Without interrogating this brief routine, nor accounting for the metaphysics affected by this enumeration (children and money as forms of discrete quantifiable entities), the act of the woman walking away can only be interpreted in a way that reproduces the separation of the moral and rational; either she morally rejects Centrelink and the Intervention, or she cannot understand the logic of money and finance. However, it may be that this mother and her two children are a single expression of one of the foundational relations constitutive of the Yolnu reality, yothu-yindi, and that attempts to fragment or undermine this are both morally and logically wrong.
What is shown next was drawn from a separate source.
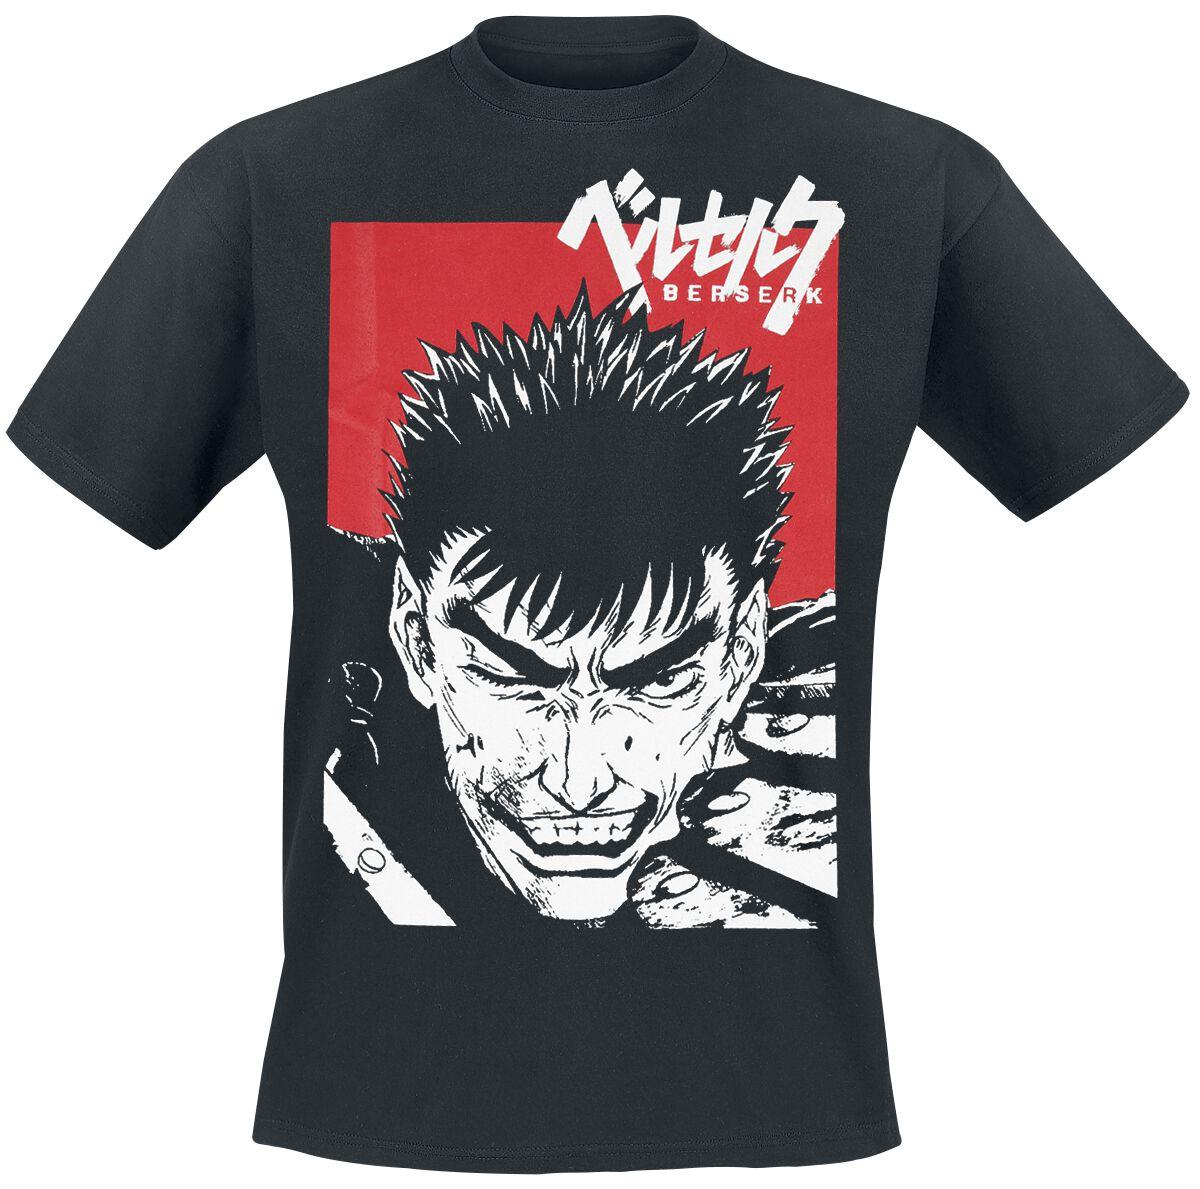 Merch dla Fanów - Koszulki - T-Shirt Beserk Guts T-Shirt czarny - 364650
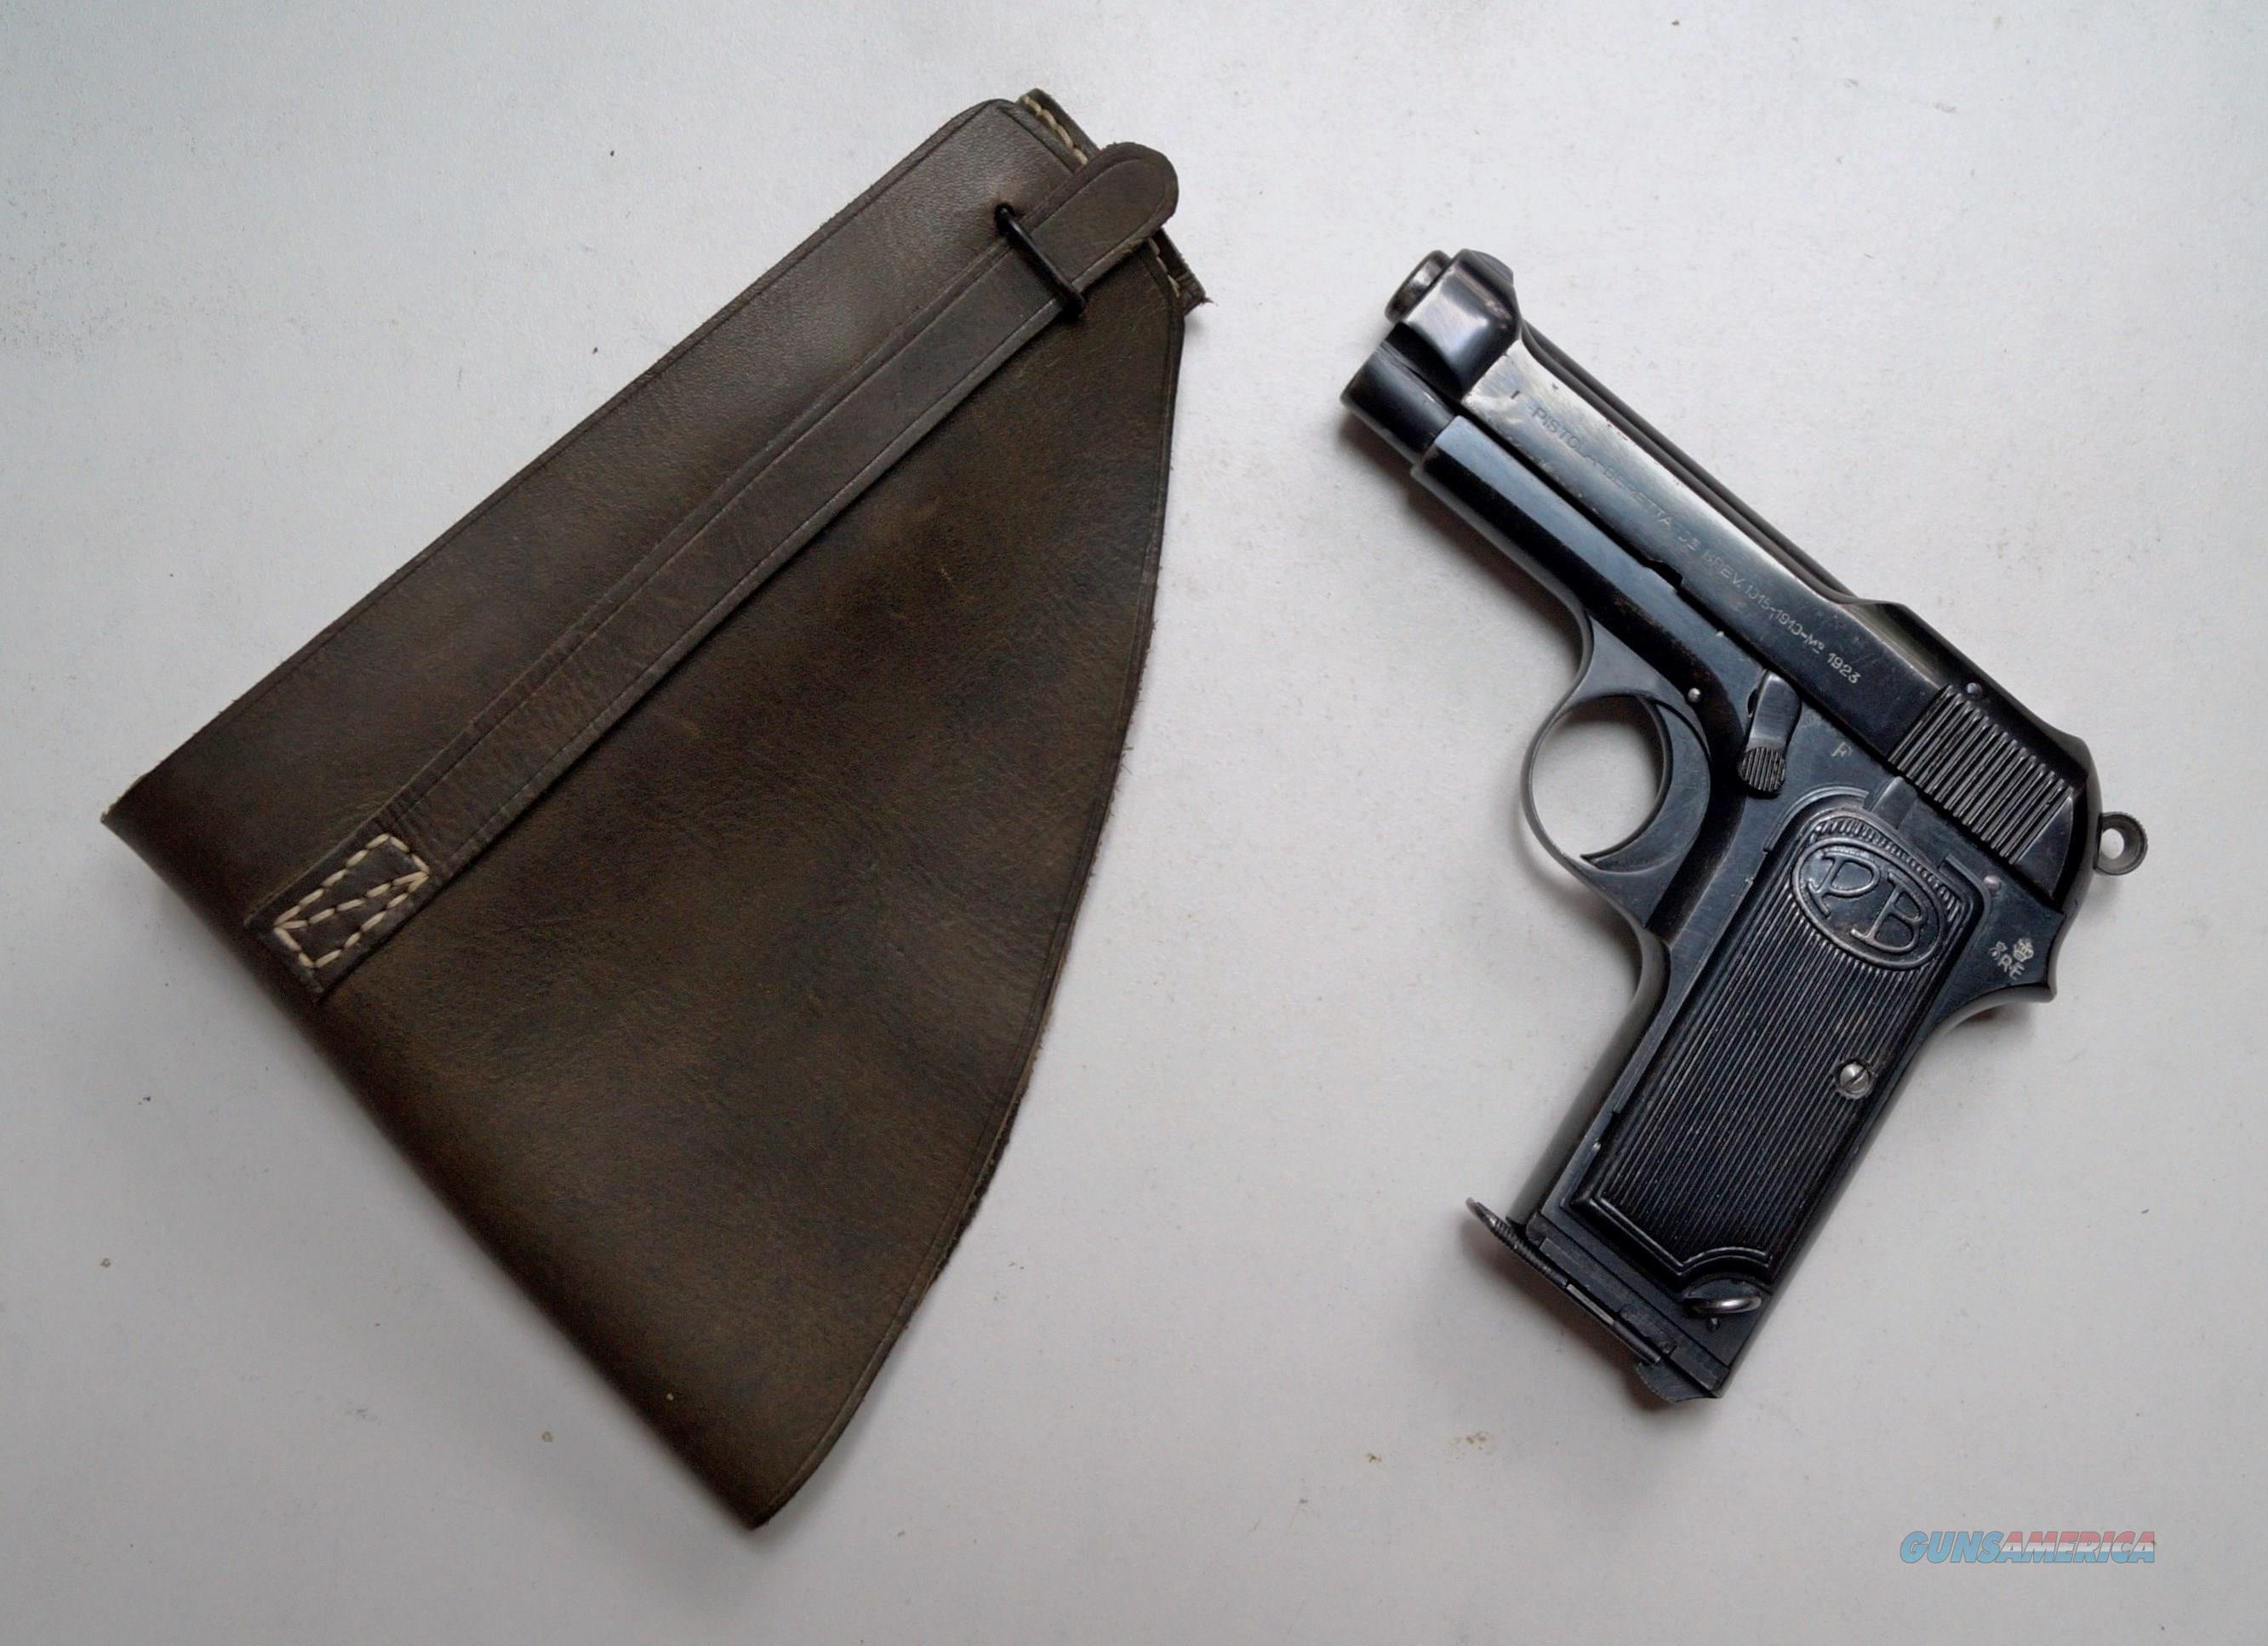 BERETTA MODEL 1923 -SLOTTED FOR SHOULDER STOCK  Guns > Pistols > Beretta Pistols > Rare & Collectible

Hence, actively refusing this enumeration is the right and rational thing to do.

By recognising that the practices of enumeration in which numbers, worked as representations, effect particular metaphysics with particular subjects and particular objects, one can understand number as doing political work. Enumeration as representation helps to produce some realities and not others, and most of the time does so without question. Nevertheless, when we conceptualise numbers as neither ideal nor real objects existing independently of the practices taken to represent them but as objects crafted in this very practice, numbers are no longer guaranteed this secure self-evident existence. They can be outright refused, and they can also be crafted in slightly different ways, creating multiple types of number. This may sound odd--having multiple types of number--but this is exactly what has occurred in the continuing implementation of Income Management.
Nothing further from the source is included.